Gezockt werden primär Ego-Shooter a lá Battlefield etc. Damit sollte das Laptop auch für kommende Shooter wie Battlefield 5 keine Hürde darstellen.

Nachdem ich gestern einiges an Zeit gegoogelt habe bin ich auf den folgenden Laptop gestoßen: Asus ROG G751JY-T7328T 43,9 cm Notebook schwarz: Amazon.de: Computer & Zubehör

Das wäre somit zugleich +- mein Budget.

Ebenfalls bin ich über den Alienware gestolpert Alienware 17 Gaming-Notebook | Dell Deutschland

Der zwar etwas teurer ist aber von der Leistung her besser?!?! Hier kommt ihr ins Spiel 

Ich natürlich auch offen für andere Modelle ! 

Nochmals kurz zusammen gefasst: 

Gesucht wird ein Gaming Laptop / Budget +- 2200 € / aktuelle Games + zukünftig gute Performance bei neuen Titeln.
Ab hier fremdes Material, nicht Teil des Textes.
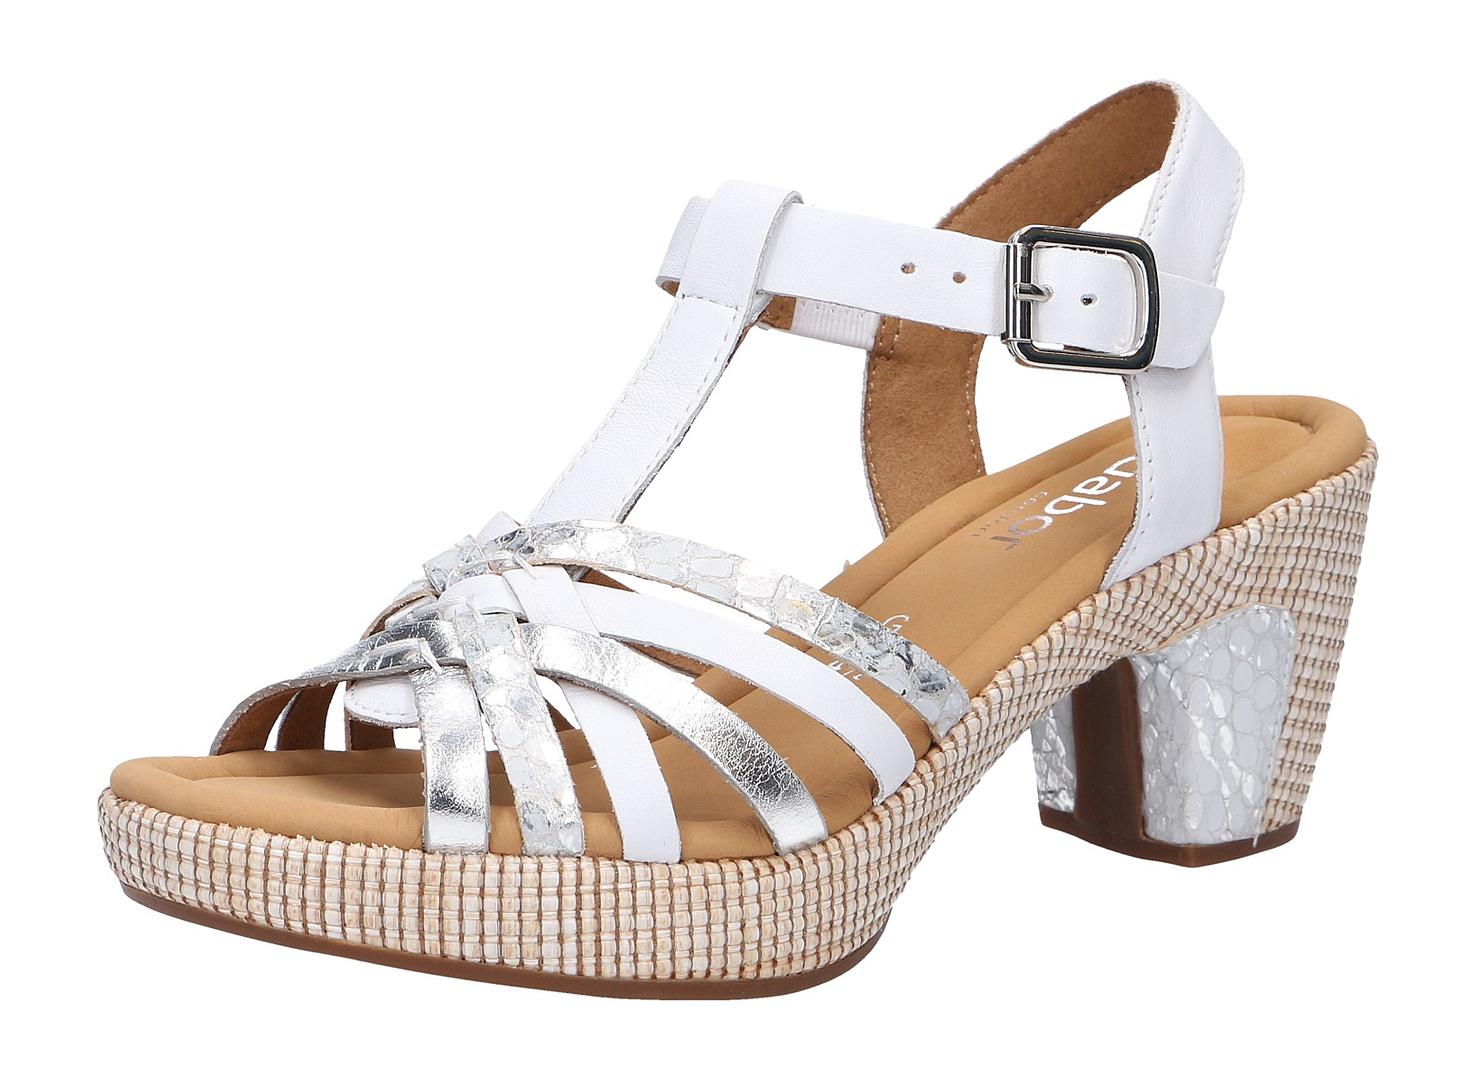 6f01d0a0ba3f Gabor 82.736.51   Komfort-Sandalen   SANDALEN   SANDALETTEN   DAMEN    ANGEBOTE   Dufner-Schuhe.de

Vorab vielen Dank für euer Mühe ! 

Grüße 

JPC


----------



## Alisis1990 (1. Februar 2016)

Also ich bin jetzt nicht der superprofi was Gaming Laptops an geht, aber ich weiß das du bei den grafik Chips im Vergleich zur Desktop Version immer ne Stufe runter gehen kannst. 

So ist ne gtx 980m in etwa so schnell wie eine "echte" gtx 970.

Schonmal an ne steam machine oderso gedacht? Also nen Cube den du an deinen TV anschliesst.
Wenn du dir da selber was zusammenbastelst solltest du preislich deutlich unter nem Laptop sein aber mehr Leistung haben. Die neue r9 nano ist zb ne Grafikkarte die fast singt agiert wie ne gtx 980 (ti) aber sehr klein ist und wenig Strom braucht. 

Würde ich vllt mal drüber nachdenken. Laptops bringen halt oft Probleme mit sich, die man als Desktop Nutzer nicht kennt 

LG Basti


----------



## jpc89 (1. Februar 2016)

Alisis1990 schrieb:


> Also ich bin jetzt nicht der superprofi was Gaming Laptops an geht, aber ich weiß das du bei den grafik Chips im Vergleich zur Desktop Version immer ne Stufe runter gehen kannst.
> 
> So ist ne gtx 980m in etwa so schnell wie eine "echte" gtx 970.
> 
> ...



Ich glaube, dass das aufgrund der Wohnzimmerkonfiguration nicht so angenehm zum zocken ist


----------



## Alisis1990 (1. Februar 2016)

Schade ^.^


----------



## Herbboy (1. Februar 2016)

Also, das muss ja eine Zwergenwohnung sein, wenn da nicht mal für nen PC Platz ist ^^   Das hört sich sehr komisch an, wenn ich dann höre, dass sogar für einen Esstisch Platz ist... ^^   Nur mal zur Verdeutlichung: ein aufgeklappter Laptop nimmt kaum weniger Platz weg als ein 24 Zoll Monitor und Tastatur. Die Maus rechnet man da nicht ein, denn ne Maus brauchst du ja auch beim Laptop. Und ne Stelle auf dem Boden für den PC mit einer Fläche von 20x50cm sollte doch eigentlich  überall zu finden sein...?  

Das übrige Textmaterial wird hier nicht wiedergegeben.